A more famous ejection happened when Lennon and his drinking buddy, singer-songwriter Harry Nilsson, were tossed out of the Troubadour rock club in West Hollywood in March 1974 for heckling the Smothers Brothers. “I got drunk and shouted,” Lennon reportedly recalled of the incident. “It was my first night on Brandy Alexanders — that’s brandy and milk, folks. I was with Harry Nilsson, who didn’t get as much [press] coverage as me, the bum. He encouraged me. I usually have someone there who says, ‘OK, Lennon. Shut up.’”

He reunited with Paul McCartney for a jam session

Despite the substance abuse, the period was a productive time in regards to music. Lennon completed three albums, Mind Games, Walls and Bridges and Rock ‘n’ Roll, as well as producing LP’s for Nilsson and former bandmate Ringo Starr. Surprisingly, the single “Whatever Gets You Through the Night,” from Walls and Bridges, was Lennon’s first solo No. 1 hit in the U.S., featuring Elton John on piano and backing vocals.

But it was an impromptu jam session on March 28, 1974, that ignited rumors of a possible Beatles comeback. Lennon was at Burbank Studios producing a single for Nilsson when McCartney and his wife Linda unexpectedly stopped by. “I jammed with Paul,” Lennon revealed in a later interview. “I did actually play with Paul. We did a lot of stuff in L.A., though there were 50 other people playing, all just watching me and Paul.”
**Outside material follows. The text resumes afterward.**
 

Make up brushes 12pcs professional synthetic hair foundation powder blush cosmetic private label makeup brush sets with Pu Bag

The session is the only known instance of Lennon and McCartney playing together between the breakup of The Beatles in 1970 and Lennon’s murder in 1980. The tape of the session was released on the bootleg A Toot and a Snore in ‘74 but produced nothing musically substantial.

READ More:   How to Tell if a Cat is Pregnant

A subsequent reunion between the two was reportedly being discussed, with Lennon planning to meet McCartney in New Orleans where the latter, along with his band Wings, would be recording the album Venus and Mars in early 1975. In her memoir, Pang wrote that Lennon was open to the notion. “He kept bringing up the trip, and each time he mentioned it he grew more enthusiastic,” she says in Loving John: The Untold Story.
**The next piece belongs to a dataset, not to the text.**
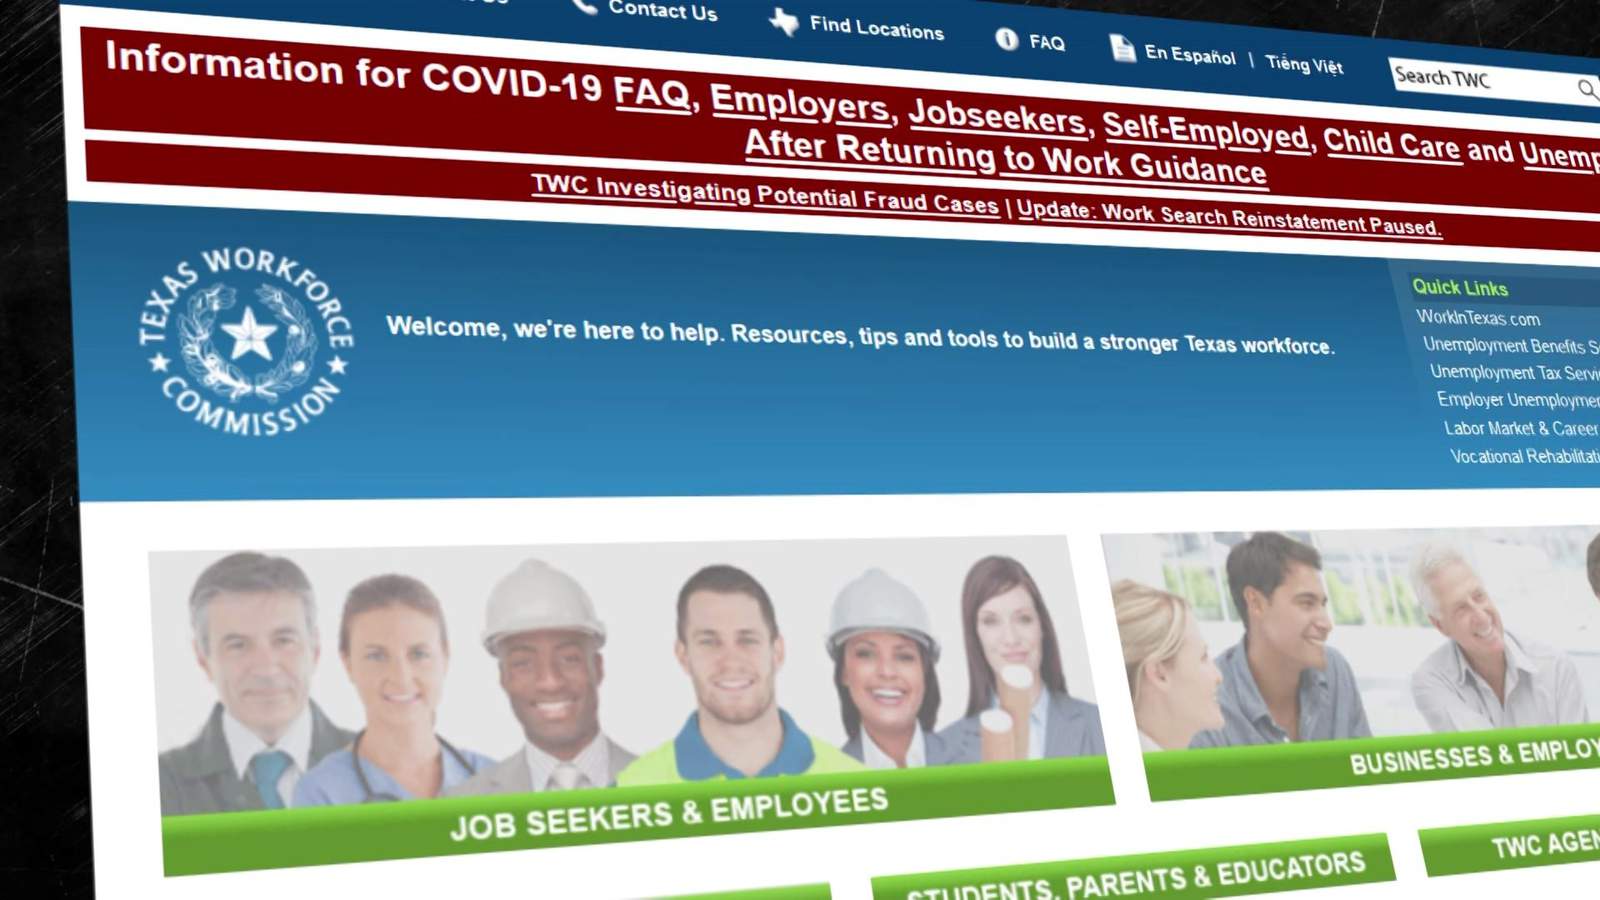 Texas Workforce Commission cuts unemployment benefits for some after claim of overpayment

Lennon eventually reunited with Yoko Ono and went on to have a son with her

But the anticipated meeting in New Orleans would never come to pass. Around the same time, Ono had reached out to Lennon requesting he visit their apartment at The Dakota in New York regarding a treatment she thought would end his nicotine addiction. Lennon, who said he spoke with Ono almost daily during his “lost weekend” and begged to be allowed to return home, would remain with his wife from then on. Their son Sean would be born in October 1975.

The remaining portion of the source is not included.